One recurring criticism of Gibney’s work is that some of his films feel rushed and under-thought, as though he felt all he needed to tell a story was a point of view and a few lengthy interviews. But at his best (with documentaries like Client 9, Going Clear, and The Inventor), Gibney and his staff have skillfully woven together multiple storylines and ideas into something informative, entertaining, and easy to understand. Somewhat surprisingly—given how quickly this movie was made—Totally Under Control is one of the better products of the Gibney factory. It’s comprehensive and measured, covering as much of this rapidly escalating catastrophe as possible.

If anything, the biggest knock against Totally Under Control is that with a length of just over two hours, it sometimes feels as exhausting as it does exhaustive. Gibney, Hillinger, and Harutyunyan have so much good material that they occasionally linger longer than they need to on this saga’s many subplots, like the failures of the Centers For Disease Control And Prevention to produce a usable COVID test, or the details of several super-spreader events around the world. It’s over an hour into the film before it gets to the moment in early March when sports started shutting down and Americans began to realize just how disruptive this disease was going to be.

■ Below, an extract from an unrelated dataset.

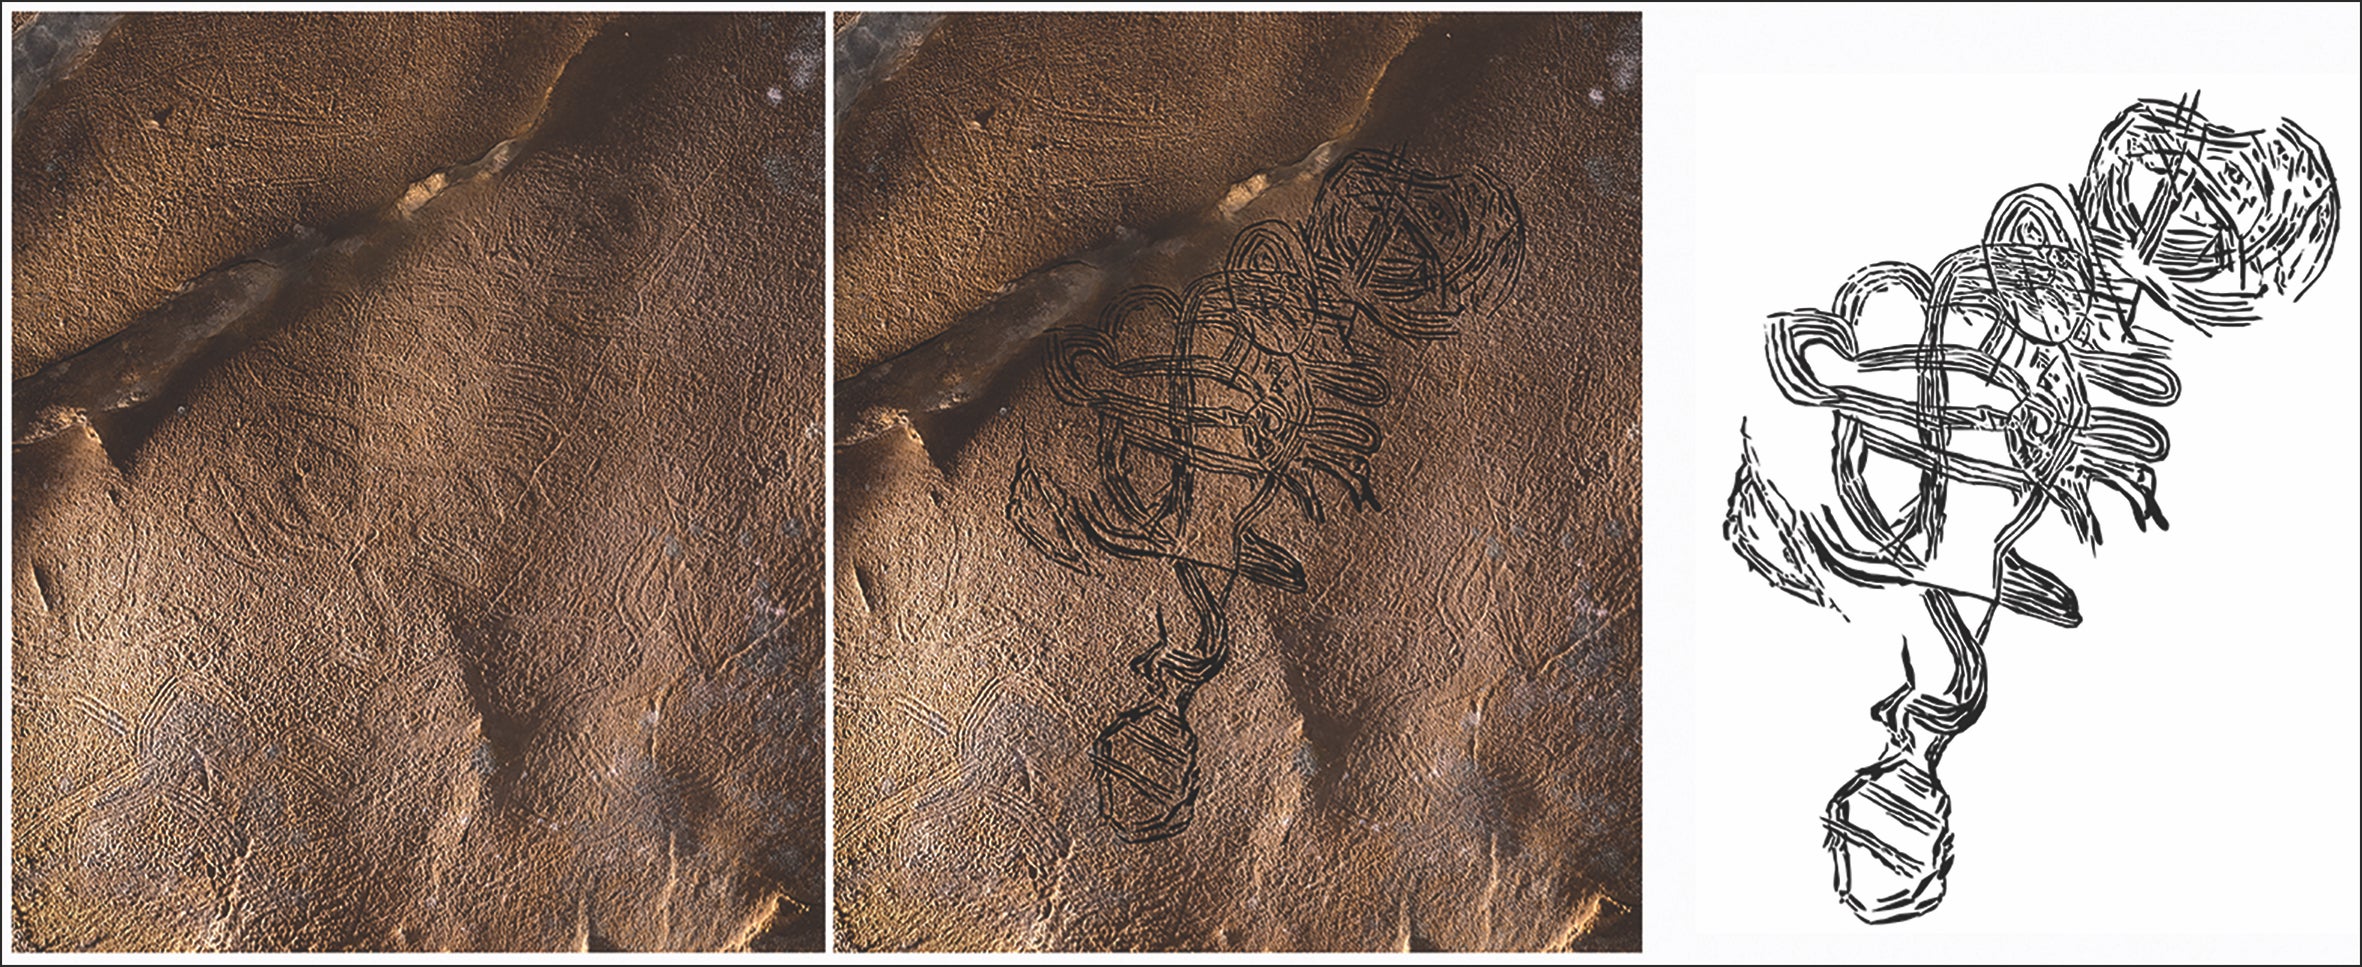 A swirling glyph possibly depicting a rattlesnake. (Graphic: Photograph by S. Alvarez; illustration by J. Simek.)

Still, given how much has happened since then, it’s useful to have a slickly assembled package of data points and anecdotes, to serve as a record of just what we’ve been through… and, perhaps, why it all went so miserably. After carefully establishing what was happening around the world in early 2020—versus what was happening in the U.S., where various health agency memos referred to the potential virus response as not a matter of “time-sensitive urgency”—Totally Under Control in its second hour shifts into a document of one outrage after another, detailing how a White House staff filled with short-sighted opportunists and small-government activists was incapable of making the kind of big moves and public appeals required to slow COVID’s spread.

Anyone who’s kept up with the news this year will undoubtedly already know many of the stories and scenarios laid out in Totally Under Control. But Gibney, Hillinger, and Harutyunyan do an impressive job—on a tight deadline, no less—of making the case for why the mismanagement of this pandemic matters. By lining up an impressive roster of doctors, scientists, and pre-Trump-era public servants to describe their first-hand experiences, this documentary ends up pitting the people who work for the betterment of humanity against the people who look out for themselves. Gibney then asks viewers to pick a side.